O resultado foi que a Rússia de Putin está praticando uma política de expansão militar que vai muito além do que prevalecia durante o tempo da União Soviética. Então, Moscou não deslocou forças de combate para fora da esfera de influência que havia caído sob seu controle no final da Segunda Guerra Mundial, até invadir o Afeganistão no final de 1979 - uma invasão que precipitou a agonia da morte da URSS. Quanto à Rússia de Putin, após recuperar a vitalidade econômica graças ao aumento dos preços dos combustíveis desde a virada do século, ela interveio militarmente fora de suas fronteiras com uma freqüência comparável à das intervenções militares americanas antes da derrota no Vietnã, e entre a primeira guerra americana contra o Iraque em 1991 e a saída inglória das forças americanas daquele país vinte anos depois. As intervenções e invasões da Rússia não estão mais confinadas a seu "exterior próximo", ou seja, aqueles países adjacentes à Rússia, que foram dominados por Moscou através da URSS ou do Pacto de Varsóvia. A Rússia pós-soviética tem intervindo militarmente no Cáucaso, especialmente na Geórgia, na Ucrânia e, mais recentemente, no Cazaquistão. Mas também está participando da guerra na Síria desde 2015 e intervindo sob uma cobertura transparente na Líbia e mais recentemente na África Subsaariana.

Assim, entre a renovada beligerância russa e a contínua arrogância norte-americana, o mundo se encontra à beira de um desastre que poderia acelerar muito a aniquilação da humanidade, para a qual nosso planeta se move por meio da degradação ambiental e do aquecimento global.
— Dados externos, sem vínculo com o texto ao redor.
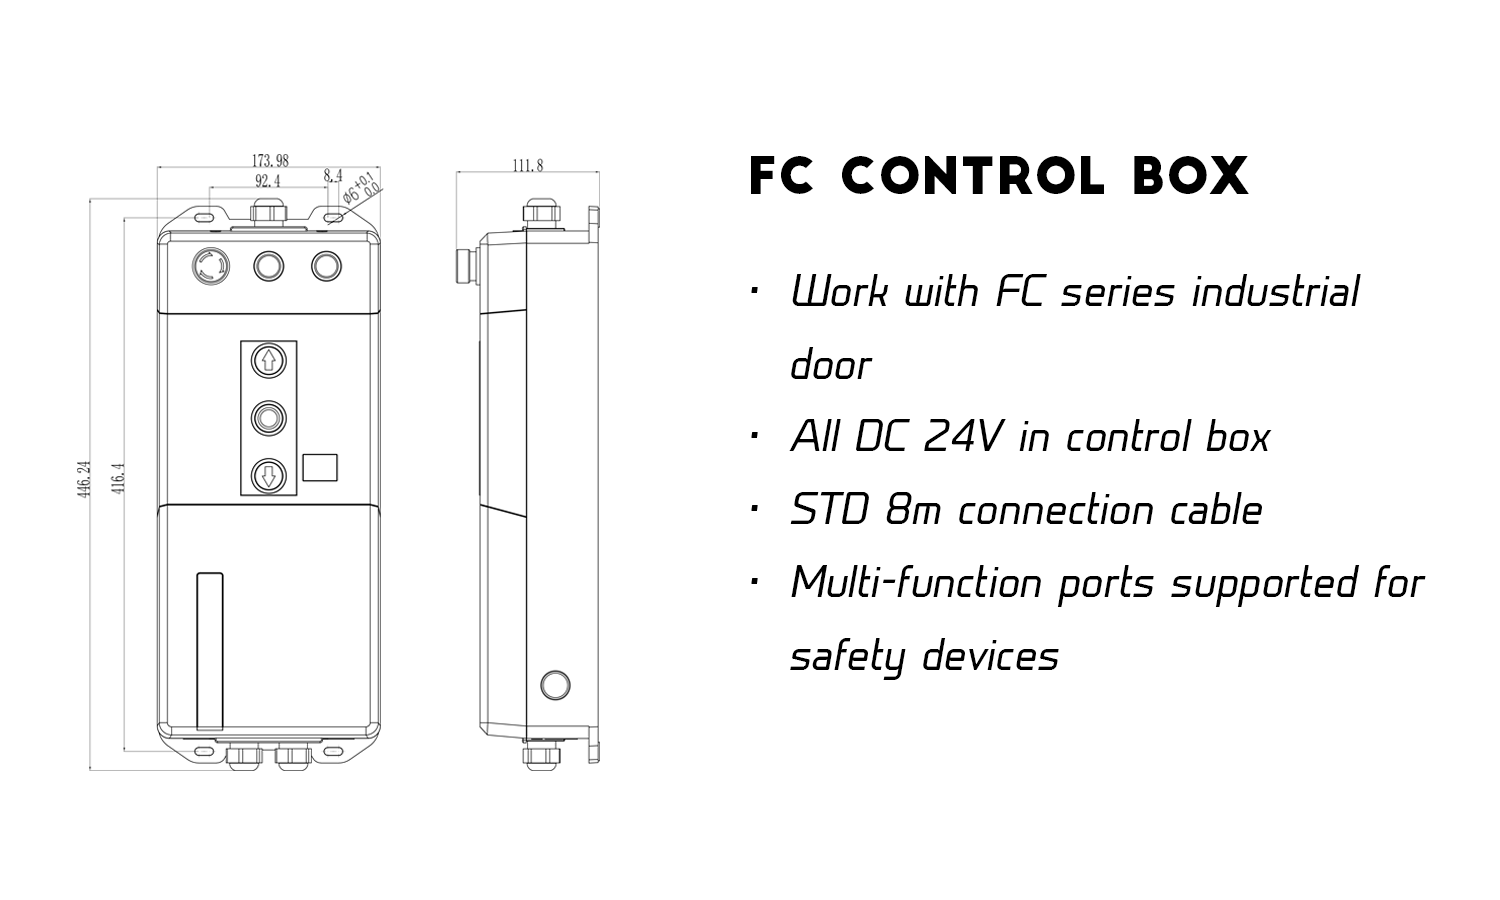 FC CONTROL BOX

Só podemos esperar que a razão prevaleça e que as grandes potências cheguem a um acordo que trate das preocupações de segurança da Rússia e recrie condições para uma renovada "coexistência pacífica" que reduza o calor da Nova Guerra Fria e impeça que ela se transforme em uma guerra quente, que seria uma enorme catástrofe para toda a humanidade.

Traduzido do original em árabe publicado em Al-Quds al-Arabi, 25 de janeiro de 2022.